- What to work on -
The output should be the listing below, limited to the lines from the one with "#qatar2022 #CostEffective #Networksmedia" through the one with "Project Indigo &", exact and without pictures.

- Records for this task -

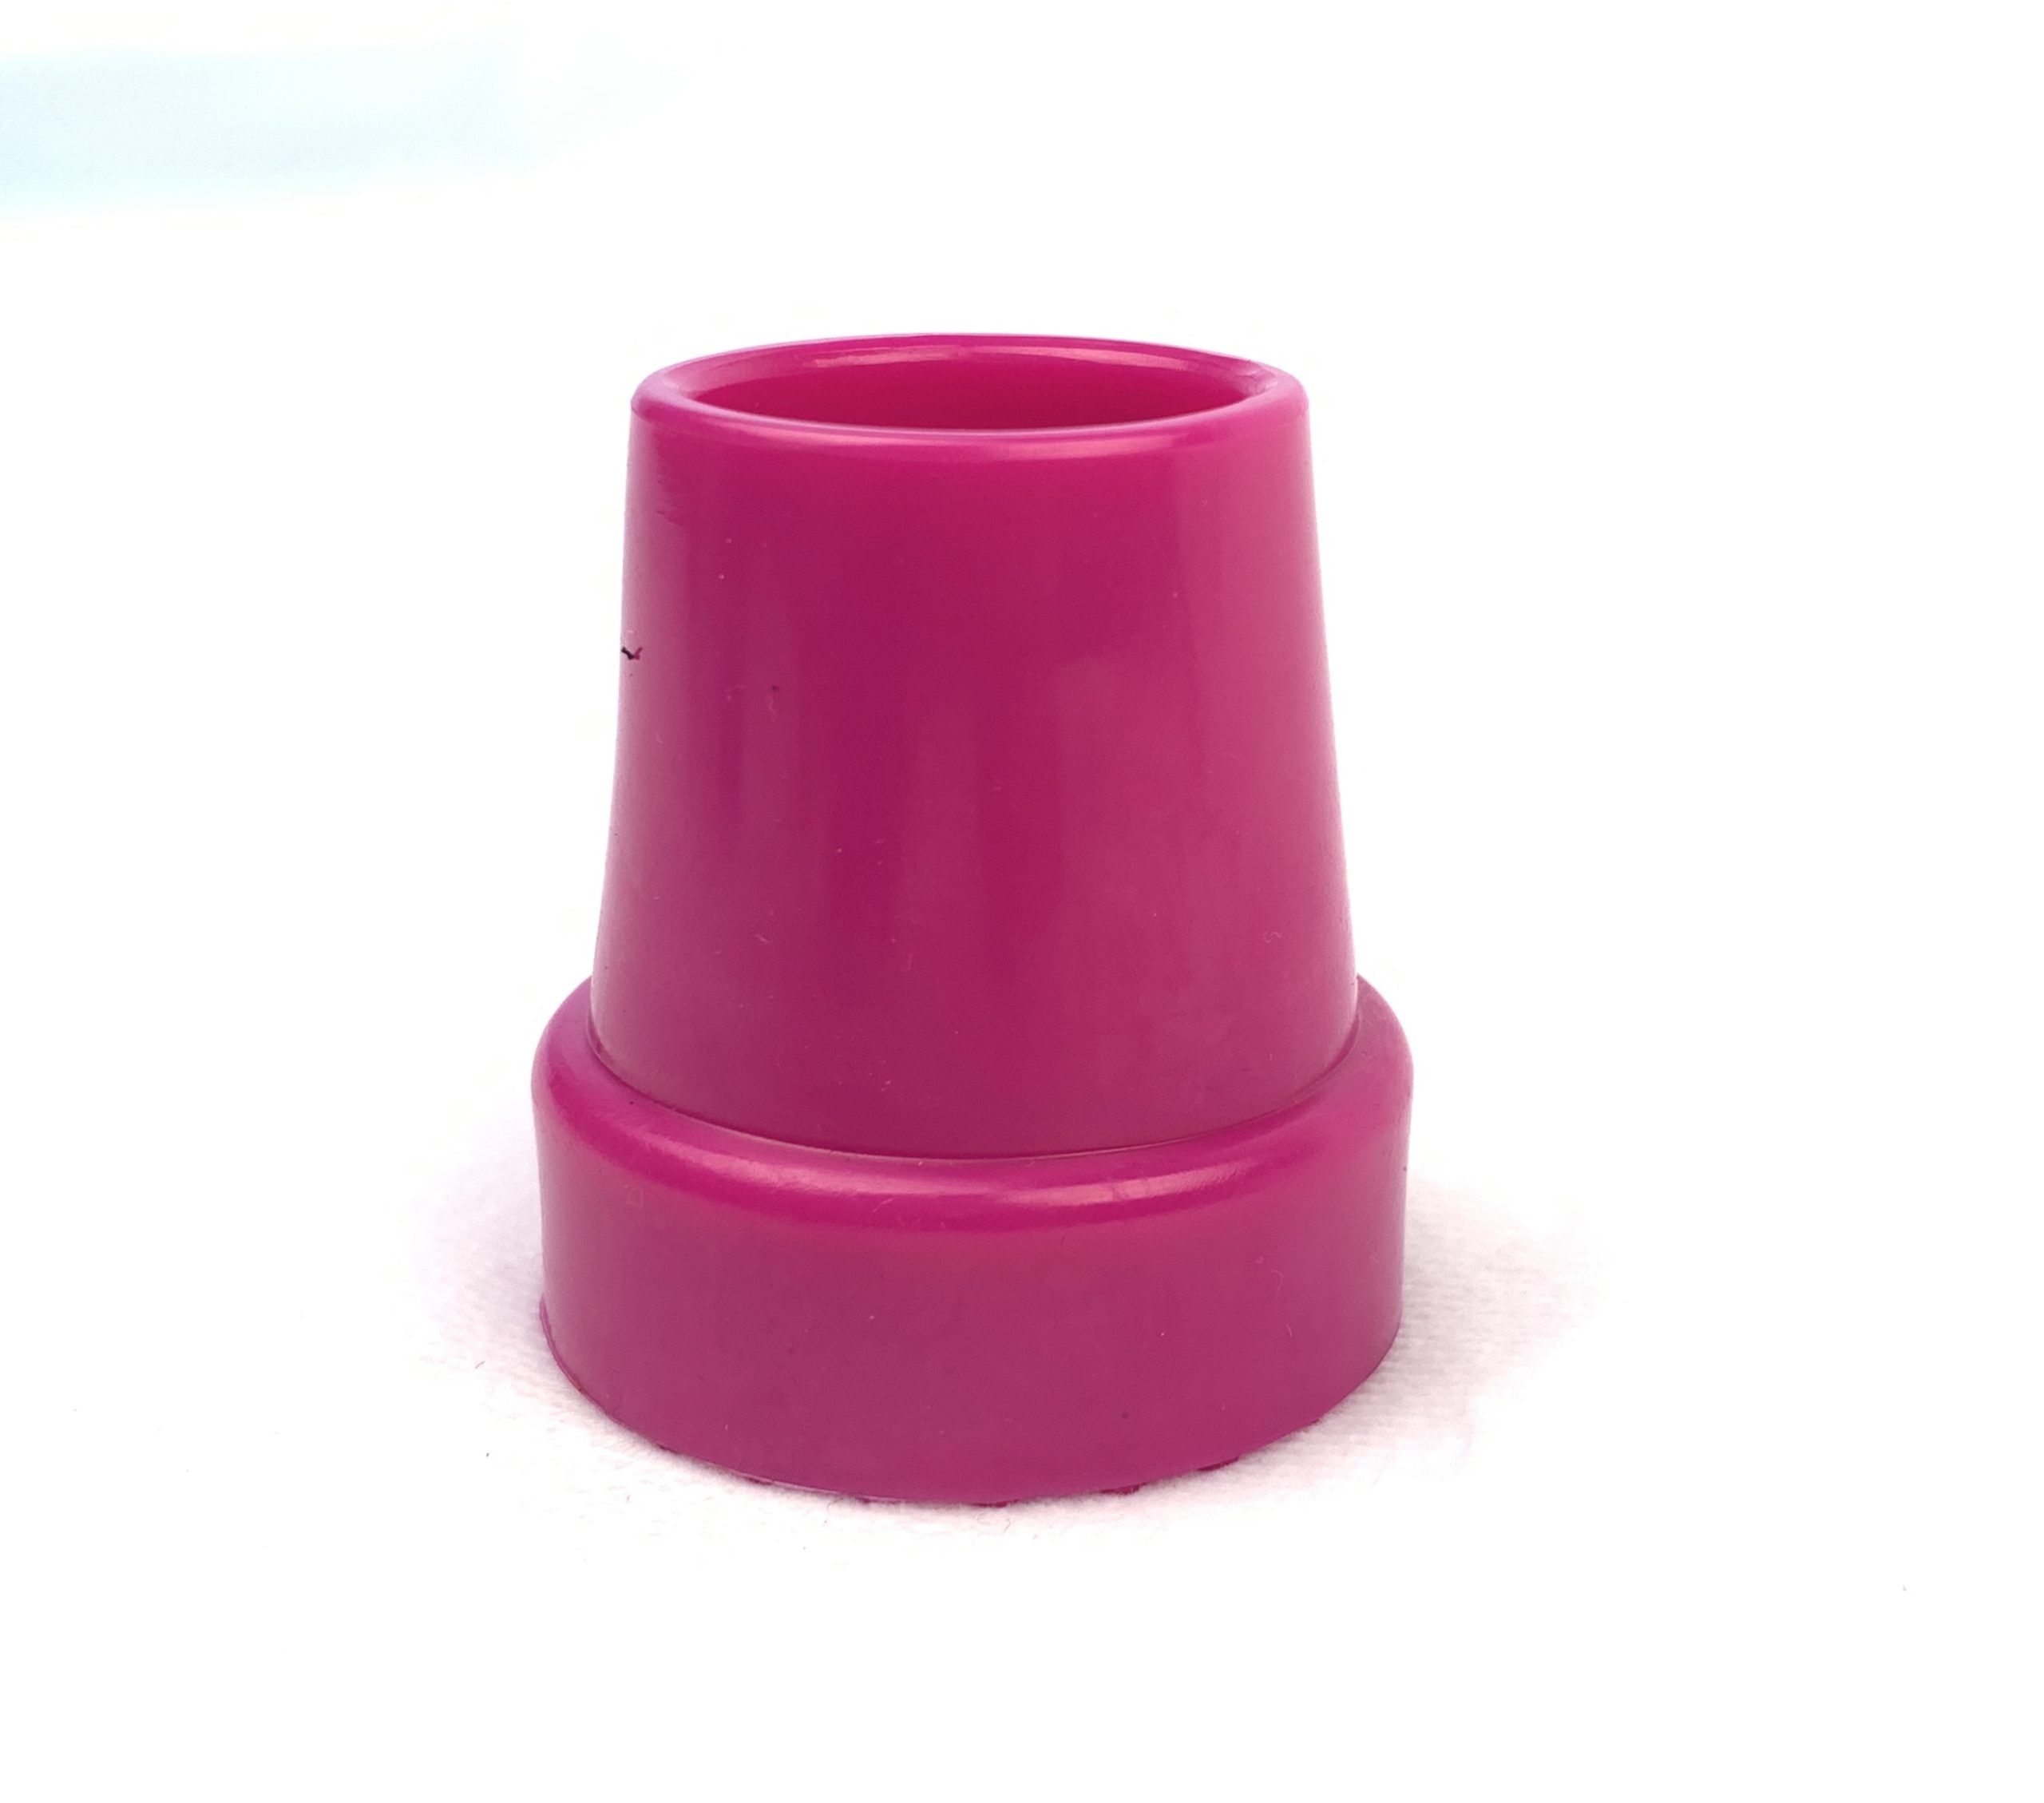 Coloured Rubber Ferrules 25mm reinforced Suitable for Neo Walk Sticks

---

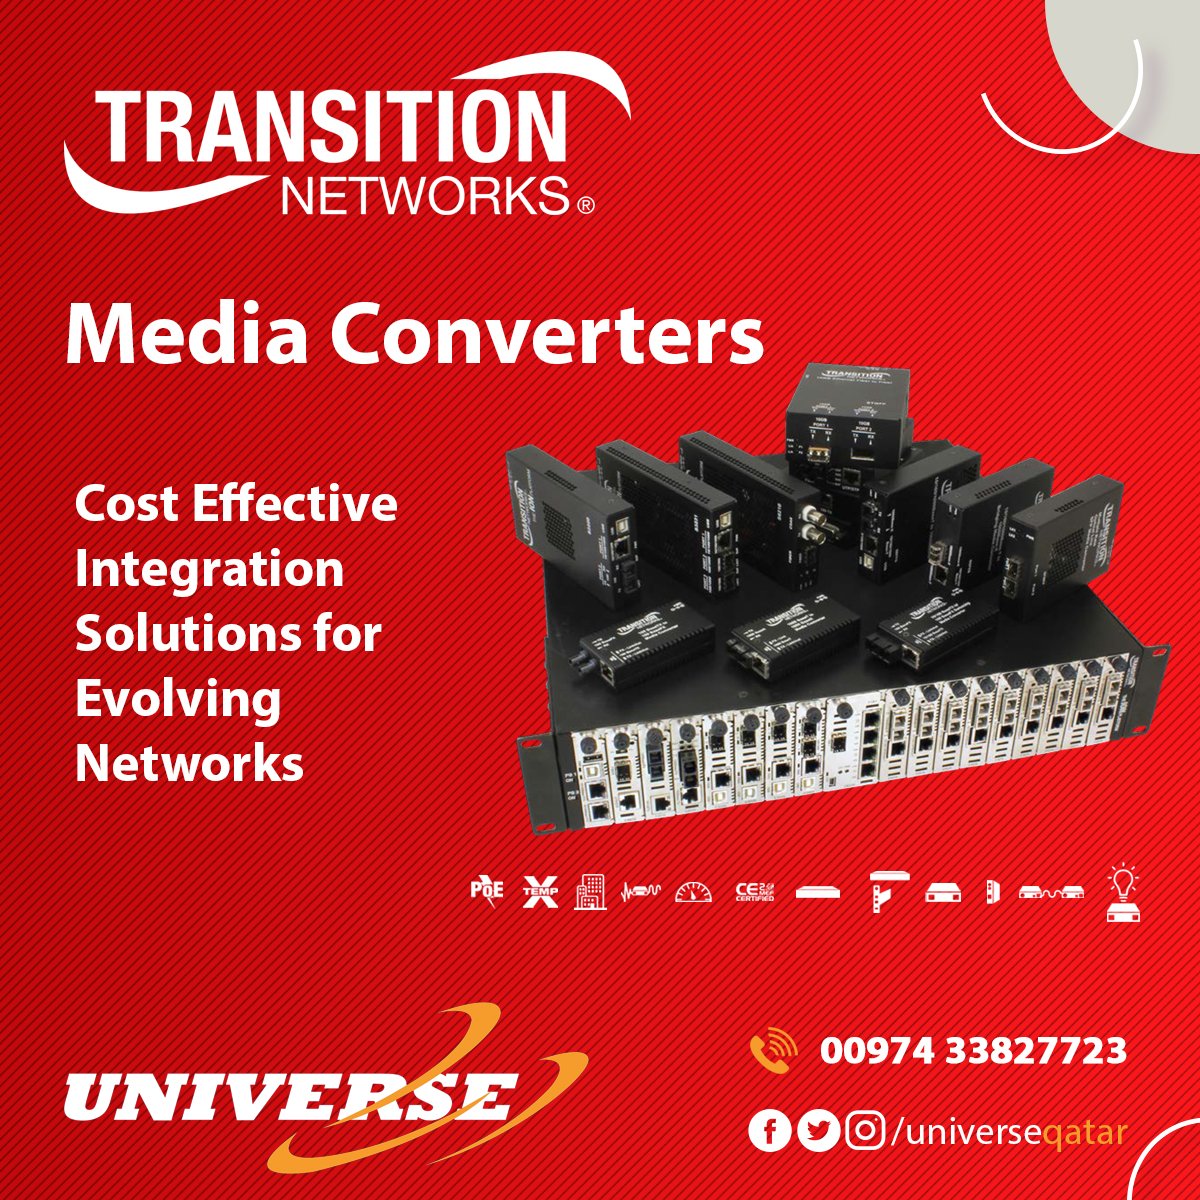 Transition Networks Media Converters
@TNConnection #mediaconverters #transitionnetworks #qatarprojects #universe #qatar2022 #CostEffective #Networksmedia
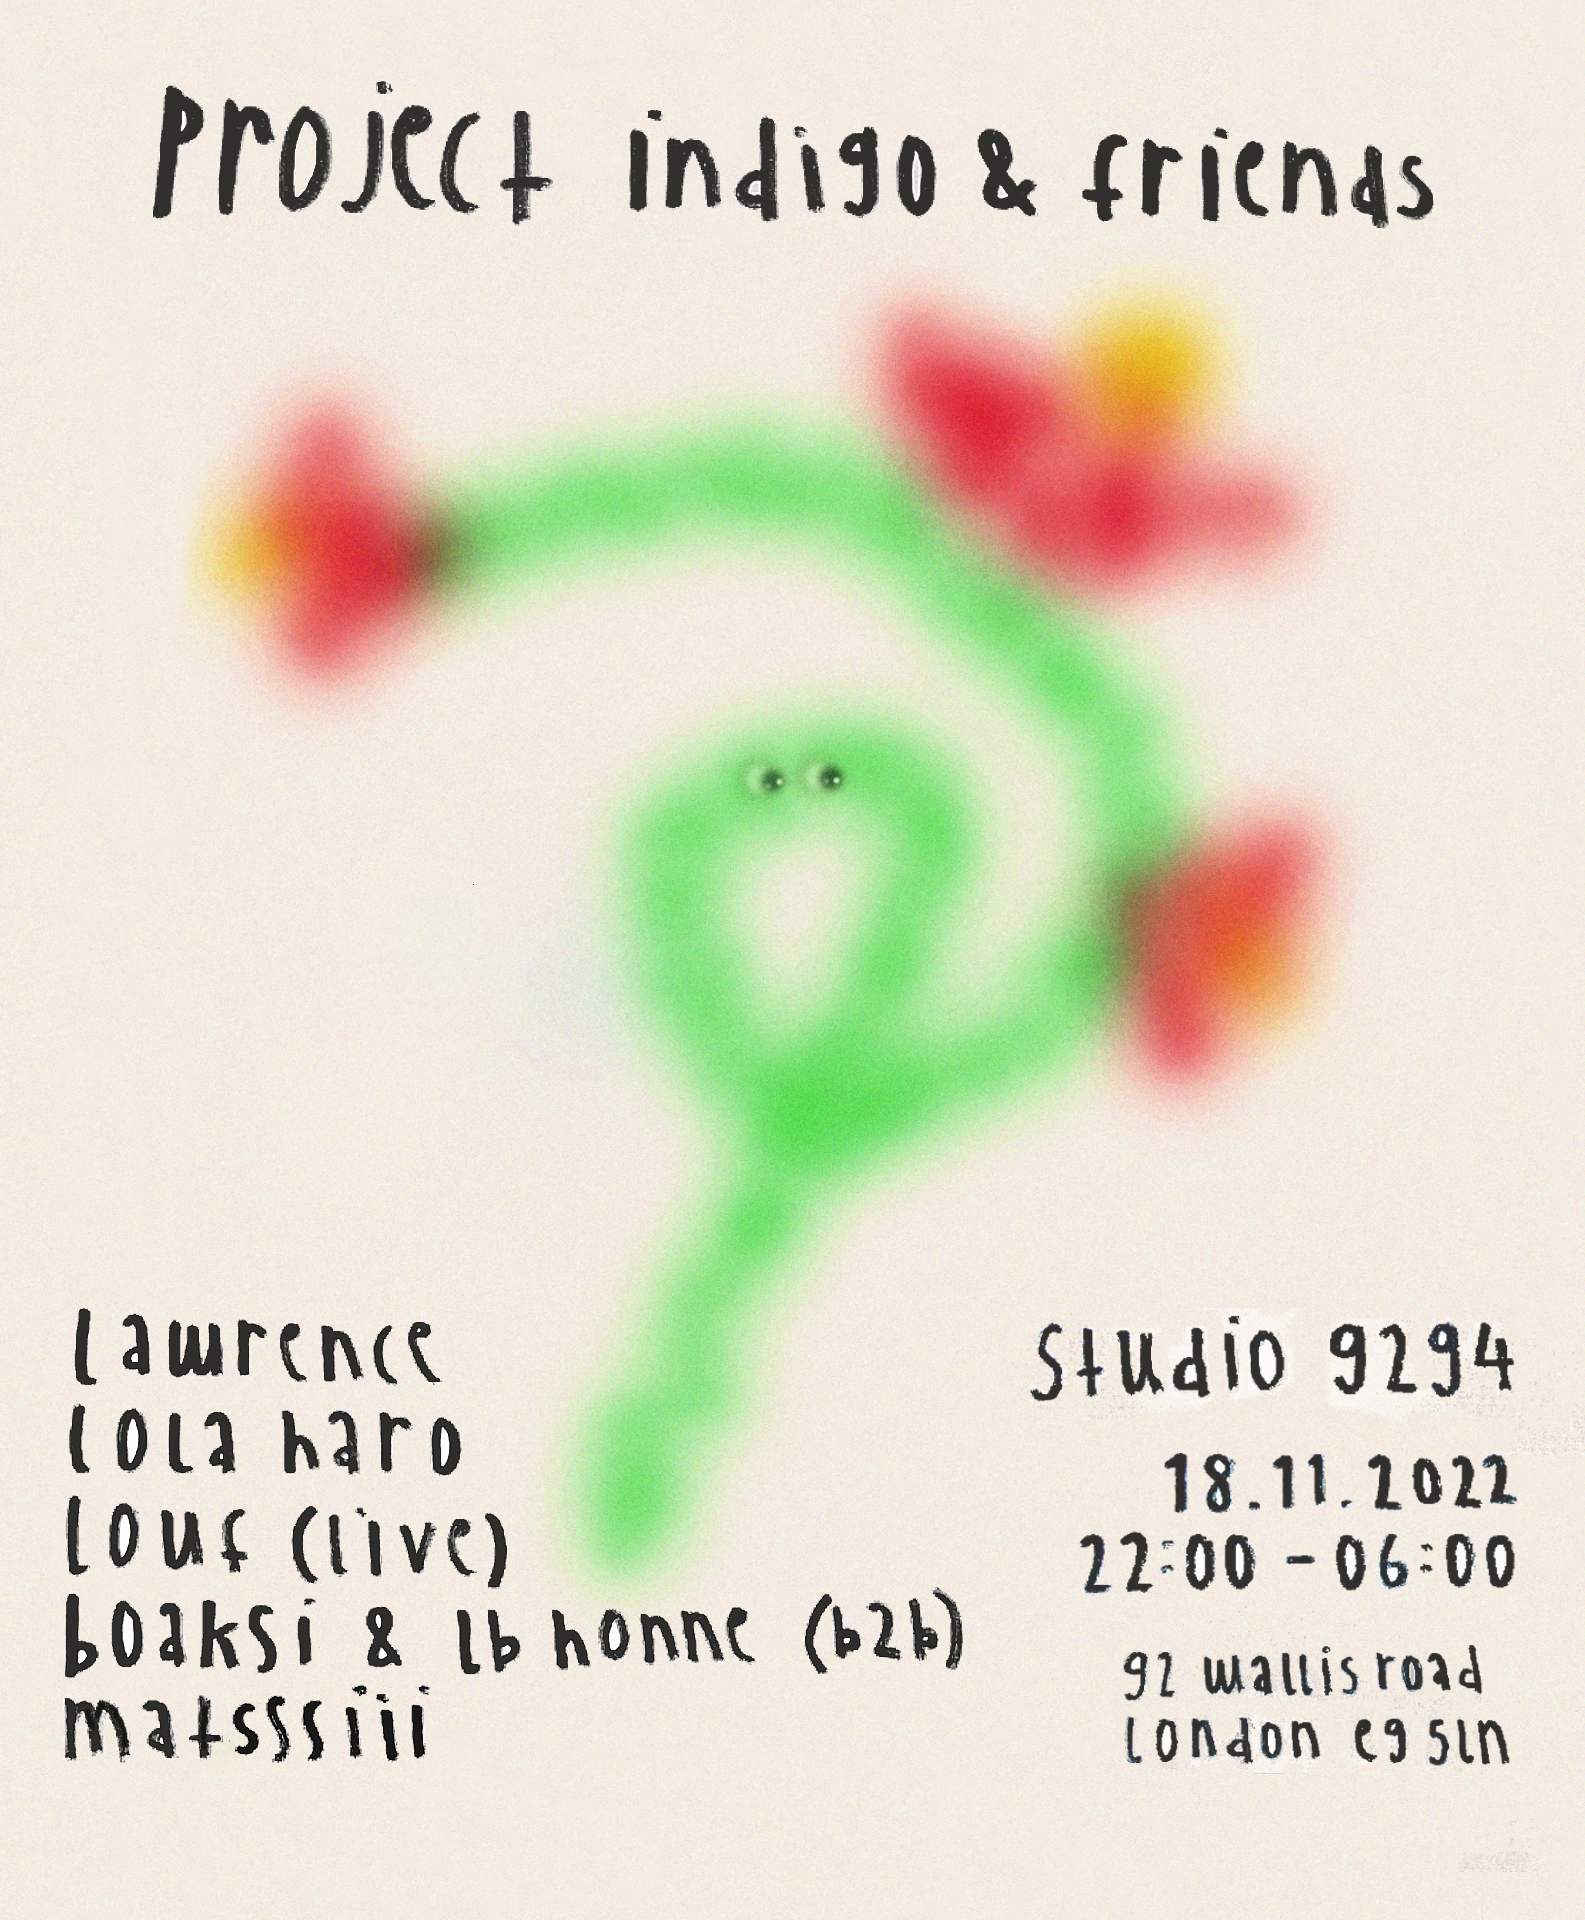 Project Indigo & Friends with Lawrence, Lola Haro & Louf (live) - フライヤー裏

- Task answer -
@TNConnection #mediaconverters #transitionnetworks #qatarprojects #universe #qatar2022 #CostEffective #Networksmedia
 Project Indigo & Friends with Lawrence, Lola Haro & Louf (live) - フライヤー裏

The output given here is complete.